If after two weeks the cats feel comfortable with the group-scent technique, you will be ready to move to the next step of letting the cats see one another. Try to respect the reality that every cat and situation is unique. The goal, before moving forward in the introduction plan, is to have no negative reaction from either cat when they either smell or are groomed with the opposing cat’s scent. If that takes longer than two weeks, give it whatever time is necessary. Also, please use your best judgment. Though it’s rare, some cats may never like the idea of having another cat’s scent placed on them. We need to respect that and not use this technique on those cats.

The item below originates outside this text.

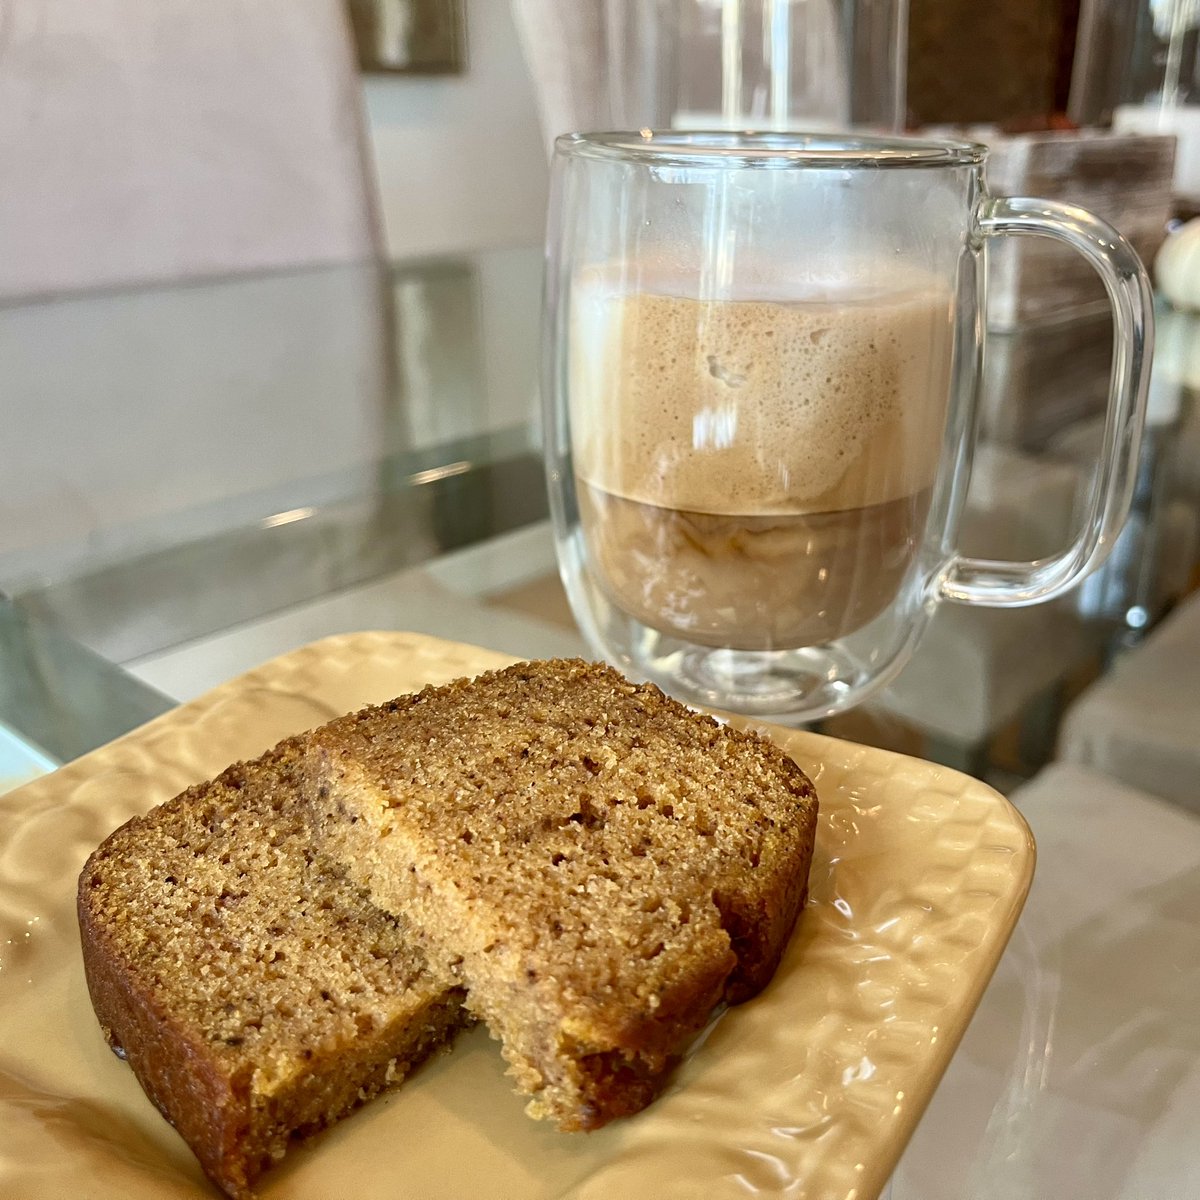 Cappuccino. Pumpkin bread.   💕😋 #perfectsnack #Philly #foodie

All cats feel more confident in territory they have explored, which is why cats are so curious. Newcat needs to be allowed the chance to quench his curiosity and safely investigate his new home’s sights, sounds, and, especially, smells. It’s very important that Newcat start to feel like the rest of the home is part of his territory. A lack of confidence or even fear may translate into later aggression. At the same time, getting Newcat’s scent into the rest of the home will help the resident cats get used to the idea that the new cat is also part of the territory and will eventually have access to the whole house.
Before you let Newcat out of his safe room for the first time, spray the pheromone spray at cat-nose height (about eight inches from the floor) throughout the home: on furniture, on door frames that lead into rooms he will be exploring, and in several locations along the paths he will take as he ventures into the rest of the home. The pheromones will encourage Newcat to do facial marking on those locations with his own pheromones, which will help him feel confident and safe in those locations.
Newcat in the House
At least once a day, when there’s no other activity occurring in the house, you’re going to give Newcat the run of the house—or at least that part of it where he won’t run into any Homecats. In preparation for letting Newcat out, close the door on an area where you can confine the Homecats, making sure to leave them with adequate litter, food, and water. Now open the safe room door. Lure Newcat out by using a wanded toy or offering some treats. Do not force him. If Newcat resists coming out, simply leave his safe room door open so that he can see and smell the rest of the home, and use wanded toys and treats again to try to relax him. If he goes into the rest of the home, be sure to keep the safe room door open so he can dash to safety any time he wants. If he doesn’t move around and rub himself on things very much, use a clean scent sock to pet his face and then transfer his facial pheromones to objects around the house.
During the first few sessions, Newcat may be interested in spending only a few minutes a day in the rest of the home, but his innate curiosity will ensure that he’ll gradually work up to longer periods of time. Give him ample opportunity to explore and find all the good perching and resting places, as well as the escape routes and places to hide. Build up his confidence further by maneuvering a toy to trigger his prey drive. Drag the toy down the hallway, onto the couch, the cat tree, into the kitchen, and anywhere else you foresee him spending time in the future. Offer food or treats after the play time. Also feed Newcat in other parts of the home to build positive associations with areas outside of his safe room.
Homecats in the Safe Room
Once Newcat is able to explore comfortably, put him in a room other than the safe room, and, while he’s safely behind closed doors, bring one or two of the friendliest residents into Newcat’s safe room. (If you perceive any risk of one of the residents redirecting its fear as aggression onto the other, then bring only one at a time.) Offer the Homecats treats or initiate a play time to give the room, with Newcat’s smell in it, a positive association.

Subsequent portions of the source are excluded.